WAL-MART AS RED HERRING
August 30, 2006
Pretending to nationalize Wal-Mart is a useful thought exercise. It shows why Wal-Mart as a government agency would actually provide fewer public benefits than it would as a grubby, profit-seeking colossus. The company's incentives would shift. Instead of trying to lower costs, improve efficiency and raise its profits, it would focus on pleasing its political patrons and complying with their demands, says columnist Robert J. Samuelson.
Wal-Mart would deliver more political benefits to favored constituencies -- workers, suppliers, competitors -- and fewer to the public. Retail prices would be the biggest casualty. Scholarly studies show Wal-Mart's price reductions to be sizable:
- Economist Emek Basker of the University of Missouri found long-term reductions of 7 to 13 percent on items such as toothpaste, shampoo and detergent.

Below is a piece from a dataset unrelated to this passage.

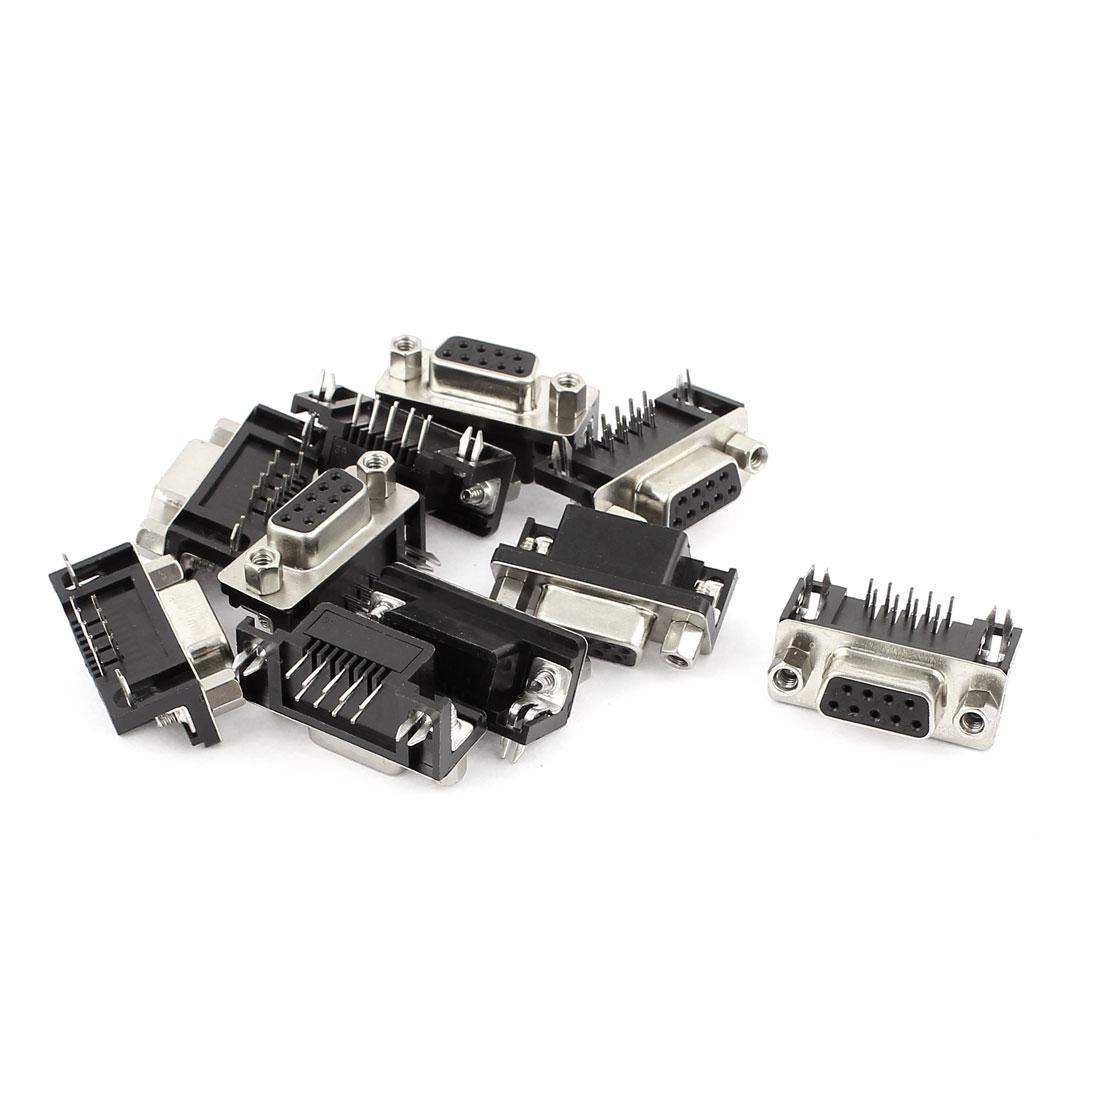 10 Pcs RS232 Serial 9pin Ports Solder Type DB9 Socket Jack Connector

- On food, Wal-Mart produces consumer savings that average 20 percent, estimate Jerry Hausman of the Massachusetts Institute of Technology and Ephraim Leibtag of the Agriculture Department.

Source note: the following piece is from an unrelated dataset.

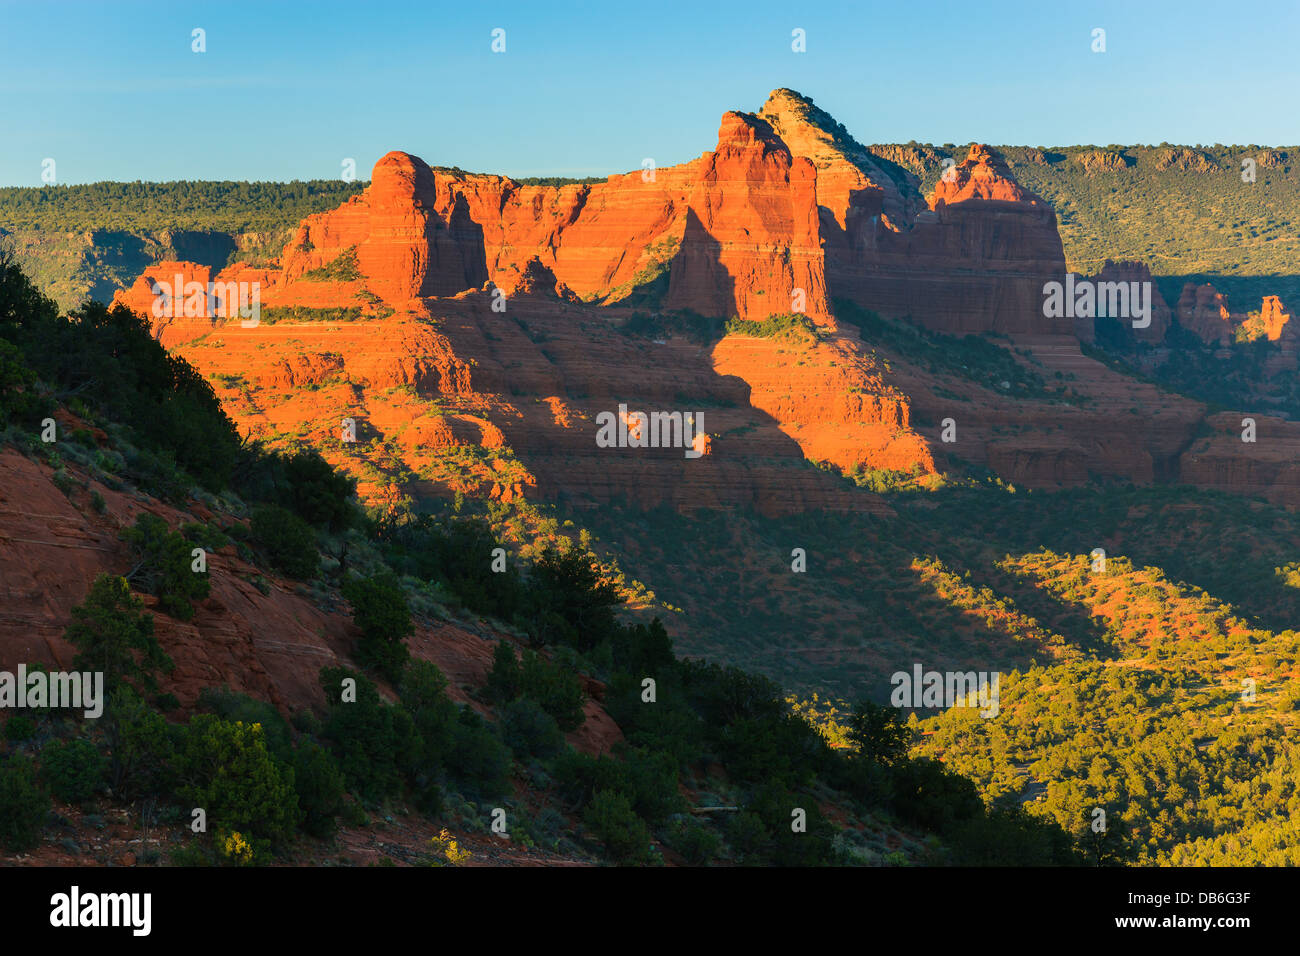 Rock formations just outside Sedona, Arizona - Stock Image

All told, these cuts have significantly raised living standards. How much is unclear, says Samuelson:
- A study by the economic consulting firm Global Insight found that from 1985 to 2004, Wal-Mart's expansion lowered the consumer price index by a cumulative 3.1 percent from what it would have been.
- That produced savings of $263 billion in 2004, equal to $2,329 for each U.S. household.
- Because Wal-Mart financed this study, its results have been criticized as too high, but even if price savings are only half as much ($132 billion and $1,165 per household), they'd dwarf the benefits of all but the biggest government programs.
No company should be above public scrutiny. But much of the political criticism of Wal-Mart is shallow and, if followed, undesirable. Wal-Mart doesn't pay high wages and benefits mainly because it's in an industry (retailing) where those are rare.